(Saved entries)
********************

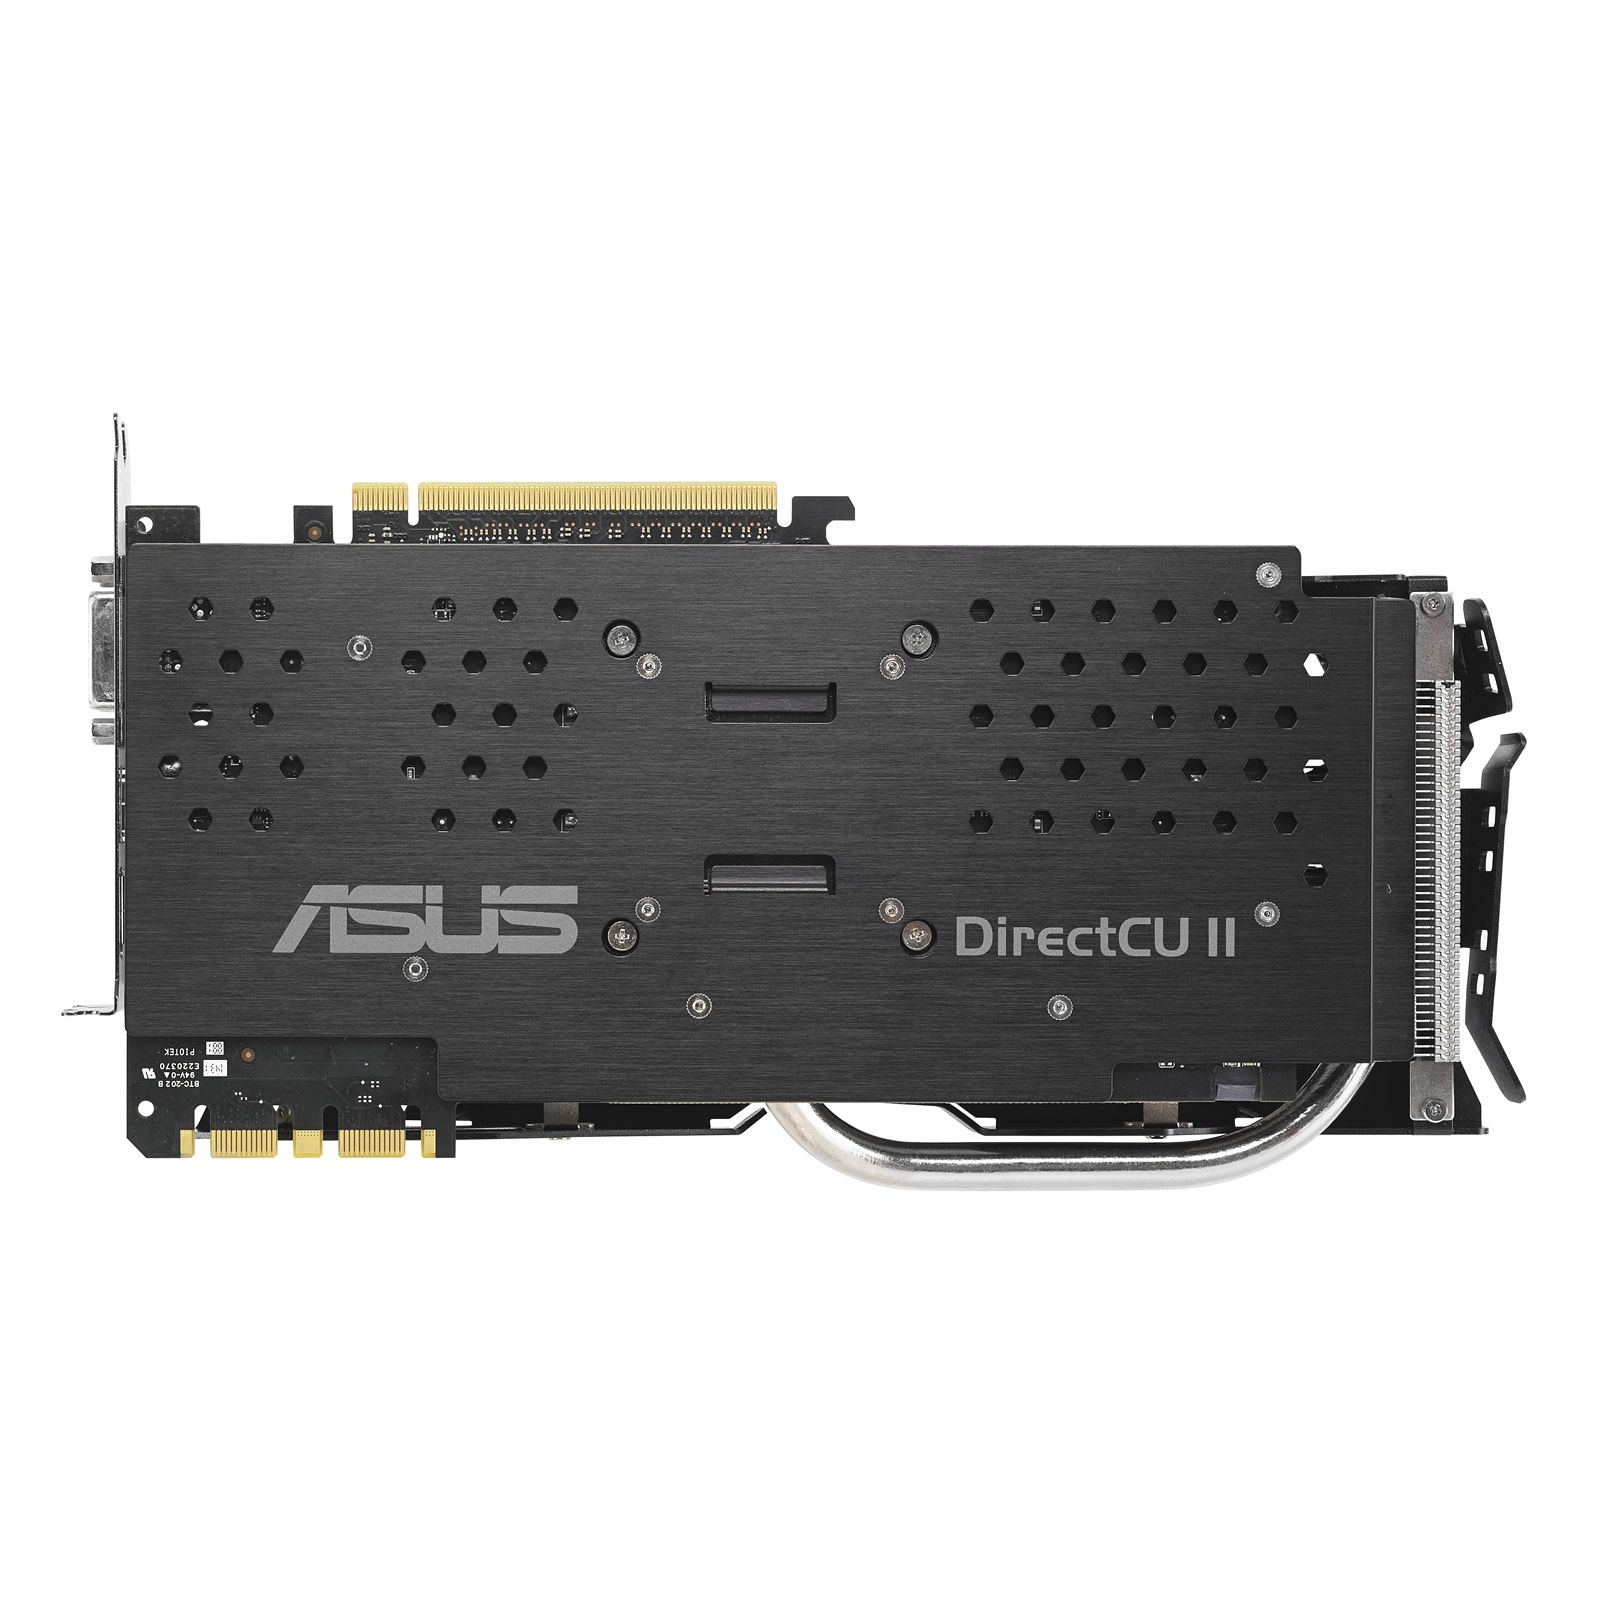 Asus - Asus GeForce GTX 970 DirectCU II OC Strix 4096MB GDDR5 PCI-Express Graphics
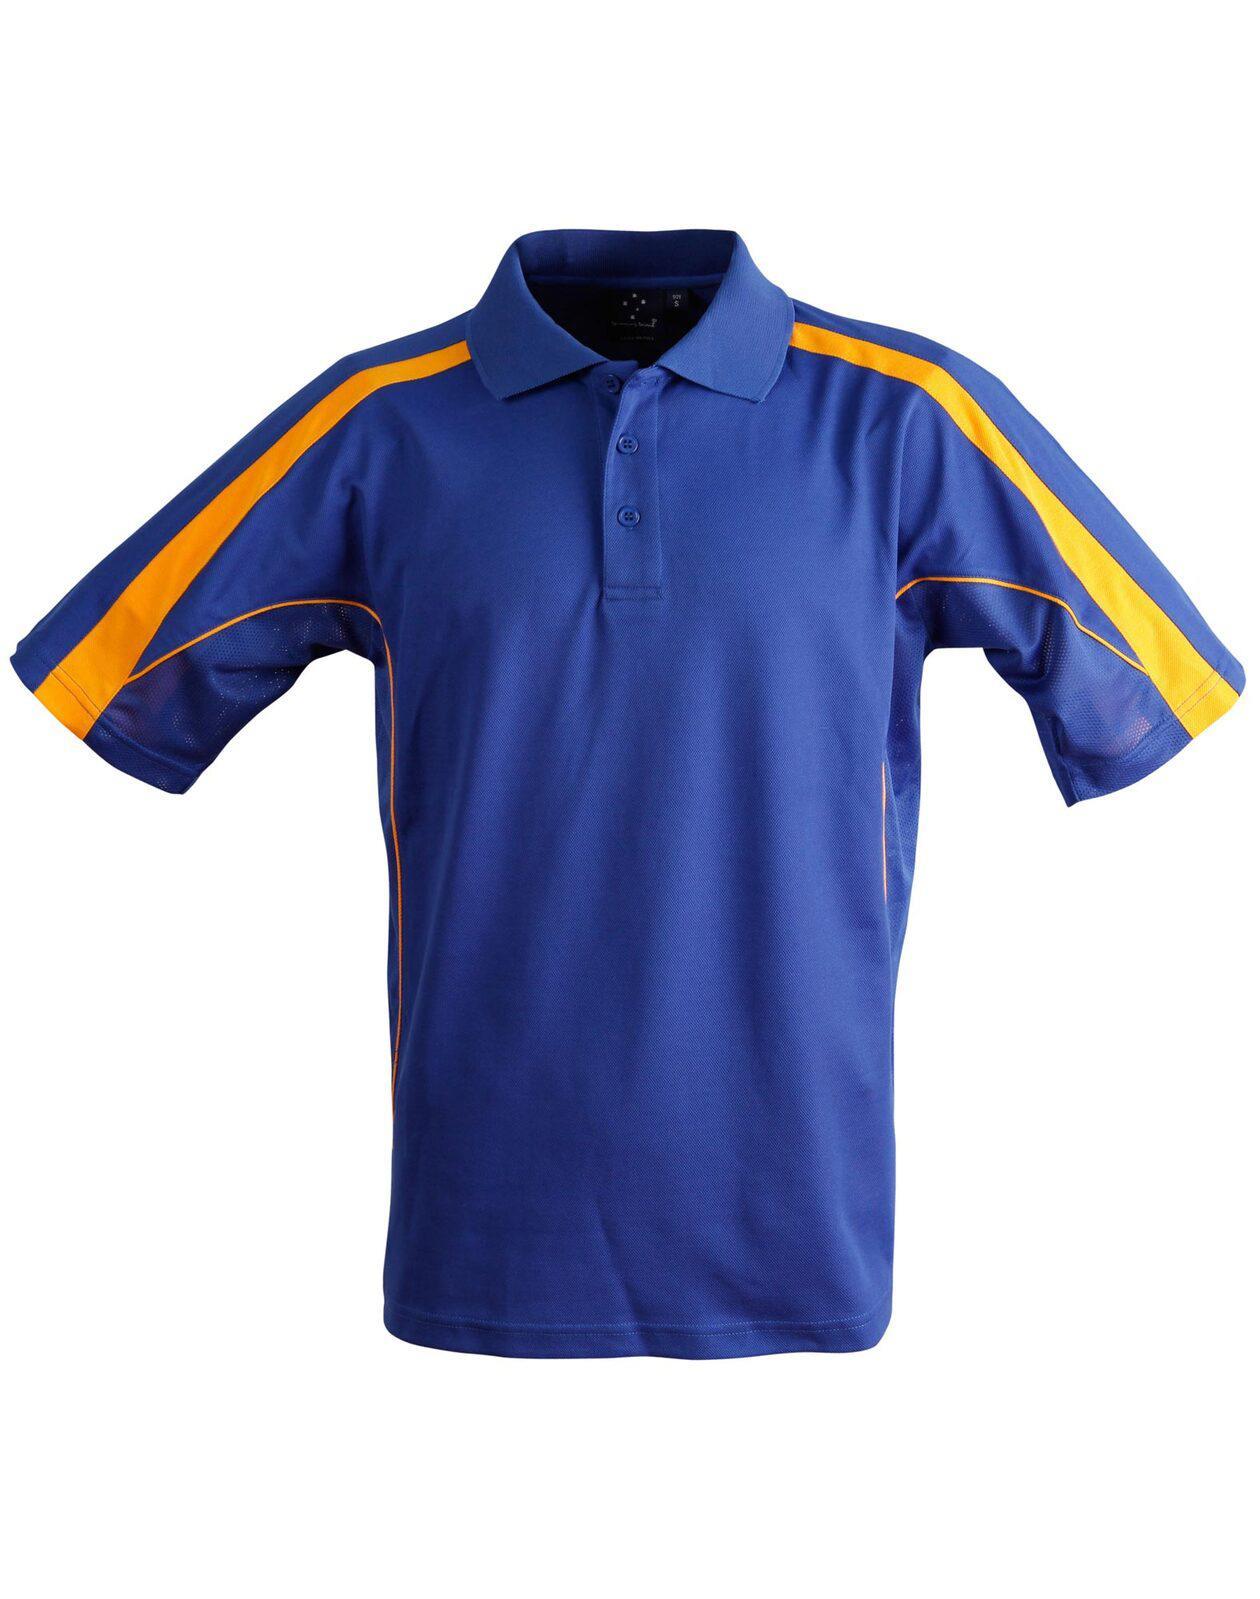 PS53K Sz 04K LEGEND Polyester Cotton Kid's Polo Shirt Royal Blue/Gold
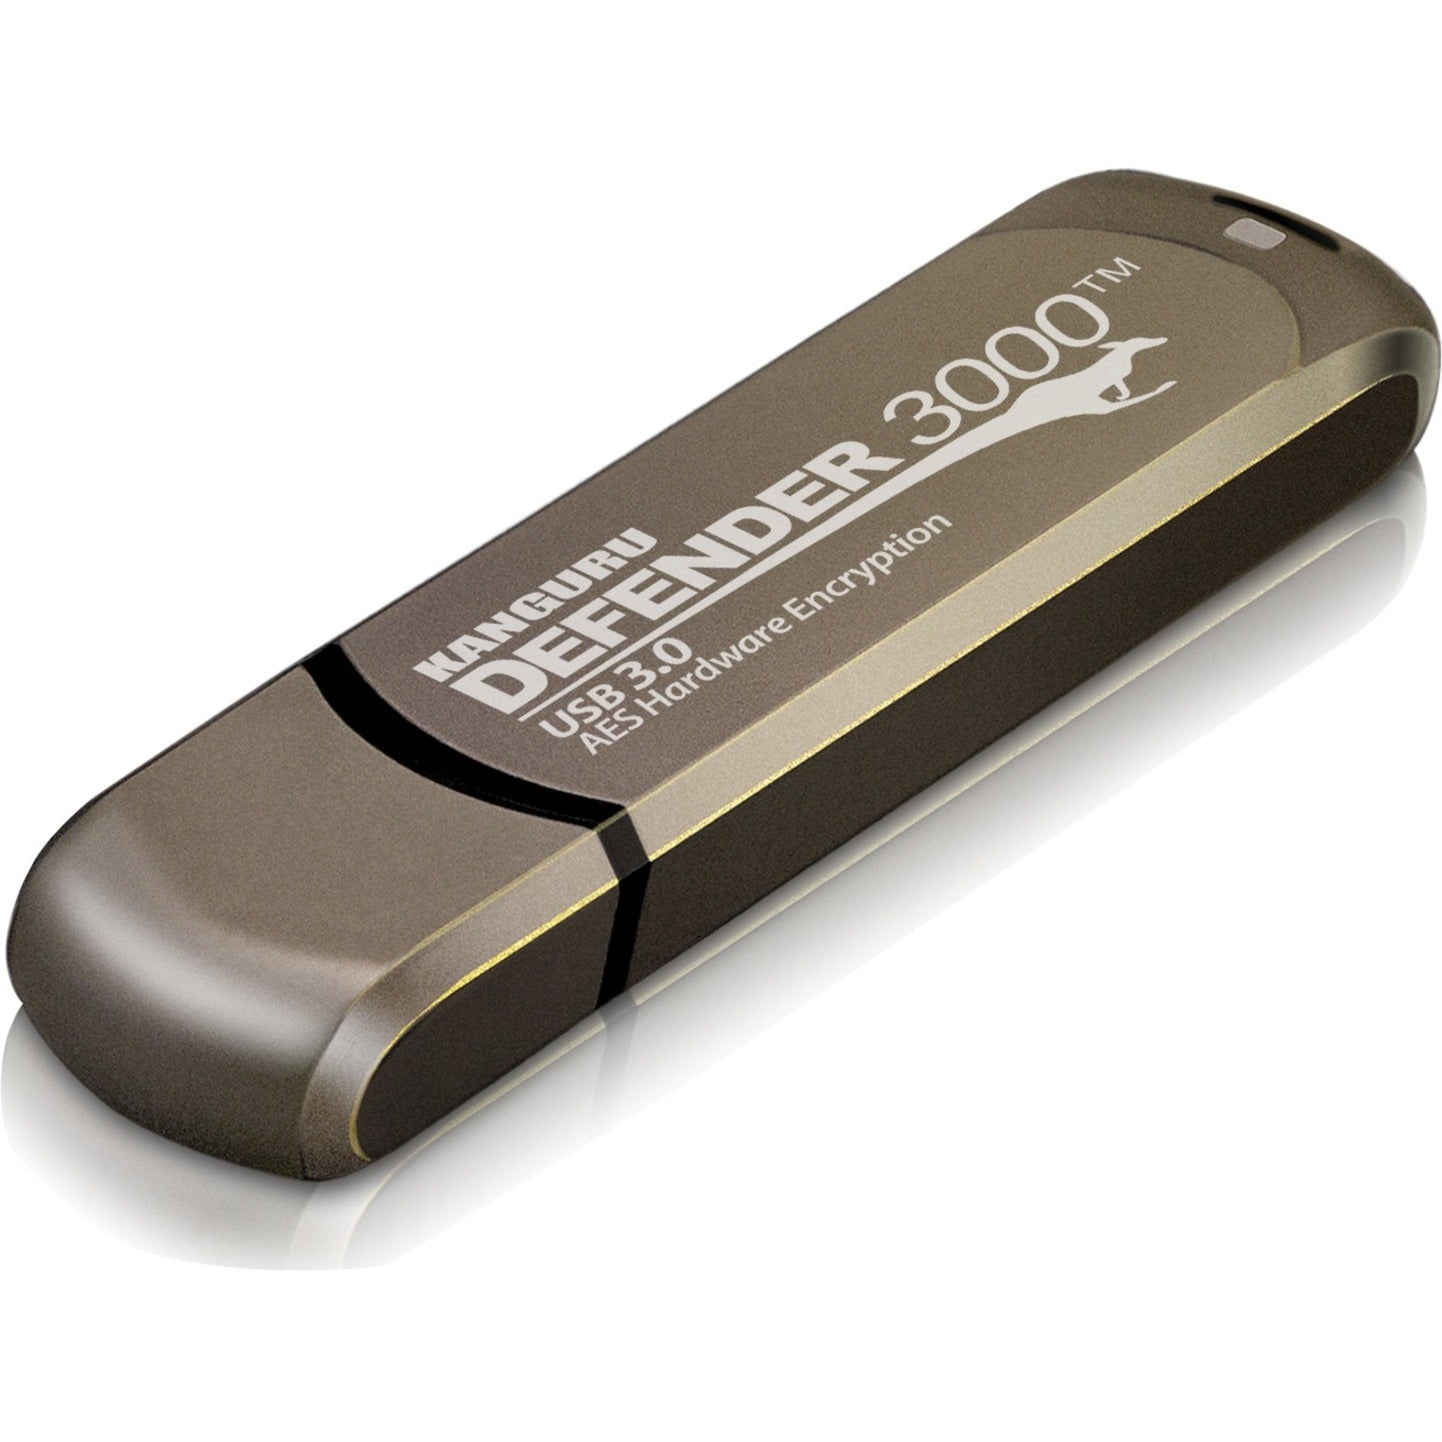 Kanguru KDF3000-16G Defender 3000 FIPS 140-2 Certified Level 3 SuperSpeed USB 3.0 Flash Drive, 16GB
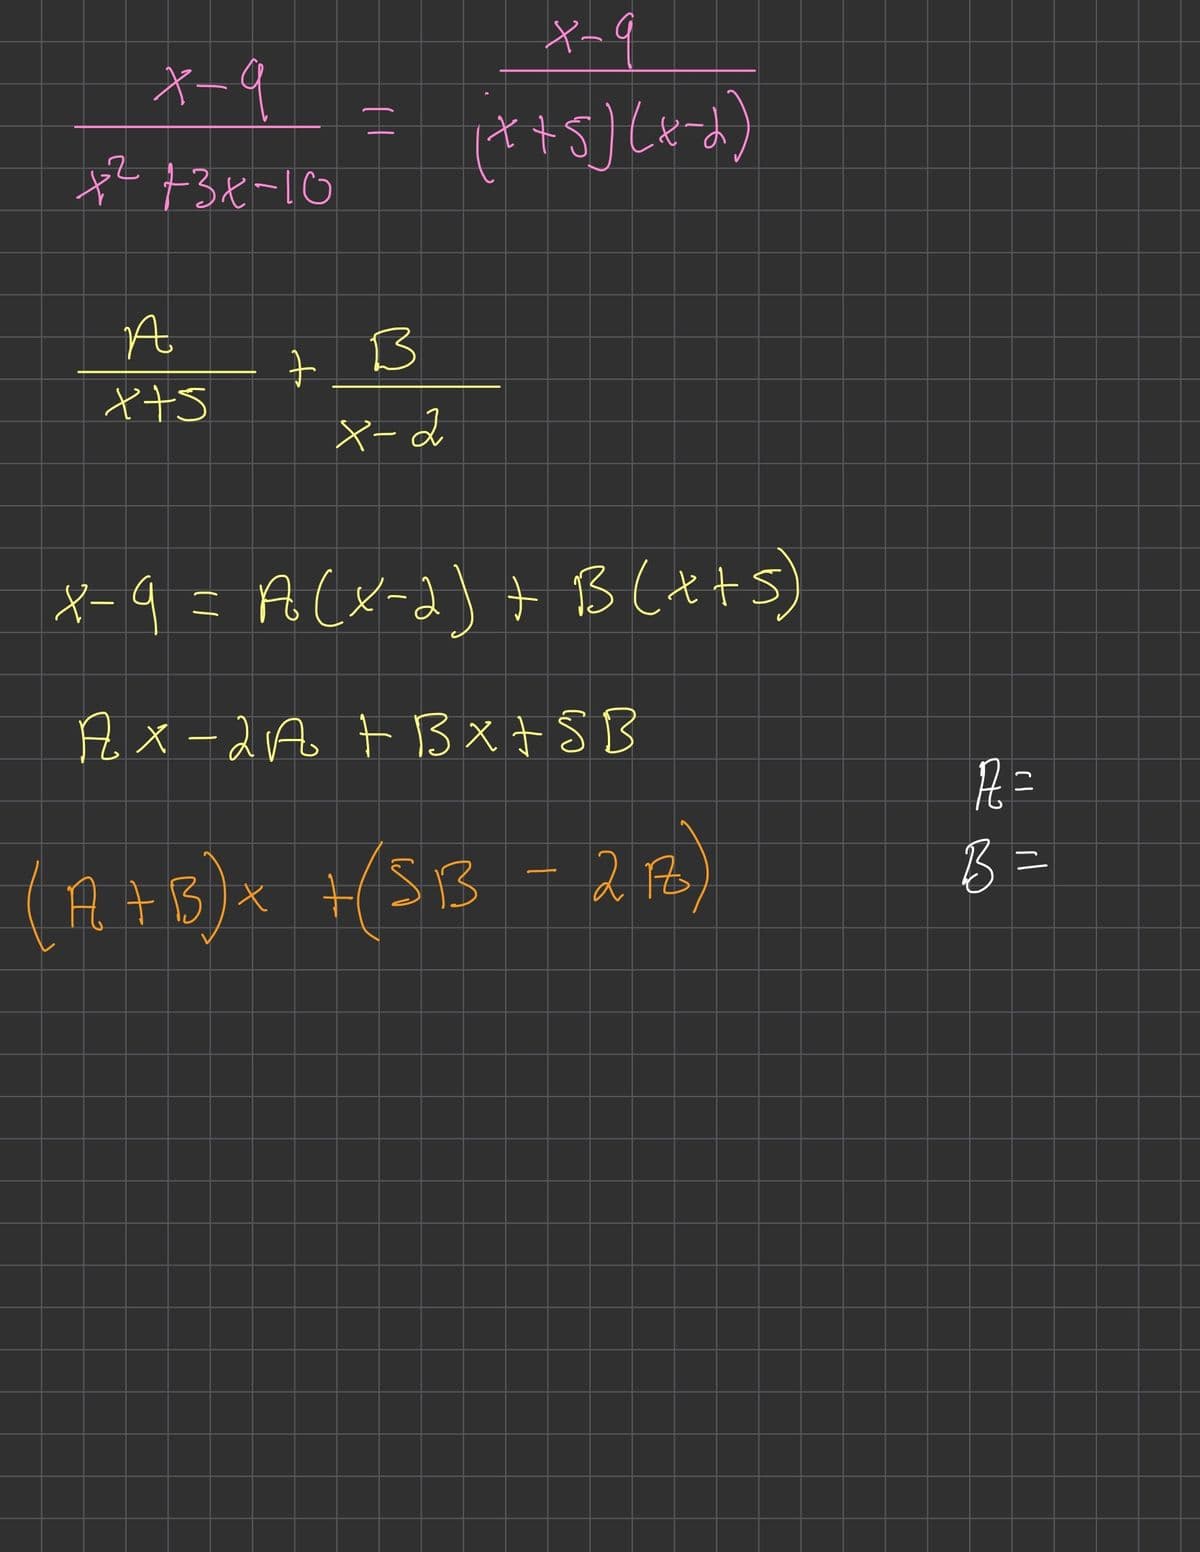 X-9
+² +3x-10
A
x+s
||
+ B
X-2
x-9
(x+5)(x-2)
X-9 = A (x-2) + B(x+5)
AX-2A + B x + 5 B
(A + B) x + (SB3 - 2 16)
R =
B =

********************

● **GOAL OF THE EXERCISE**
Strip out the images, then output the records above word for word.

● **THE COMPLETED TASK**
 Asus - Asus GeForce GTX 970 DirectCU II OC Strix 4096MB GDDR5 PCI-Express Graphics
 PS53K Sz 04K LEGEND Polyester Cotton Kid's Polo Shirt Royal Blue/Gold
 Kanguru KDF3000-16G Defender 3000 FIPS 140-2 Certified Level 3 SuperSpeed USB 3.0 Flash Drive, 16GB
 X-9
+² +3x-10
A
x+s
||
+ B
X-2
x-9
(x+5)(x-2)
X-9 = A (x-2) + B(x+5)
AX-2A + B x + 5 B
(A + B) x + (SB3 - 2 16)
R =
B =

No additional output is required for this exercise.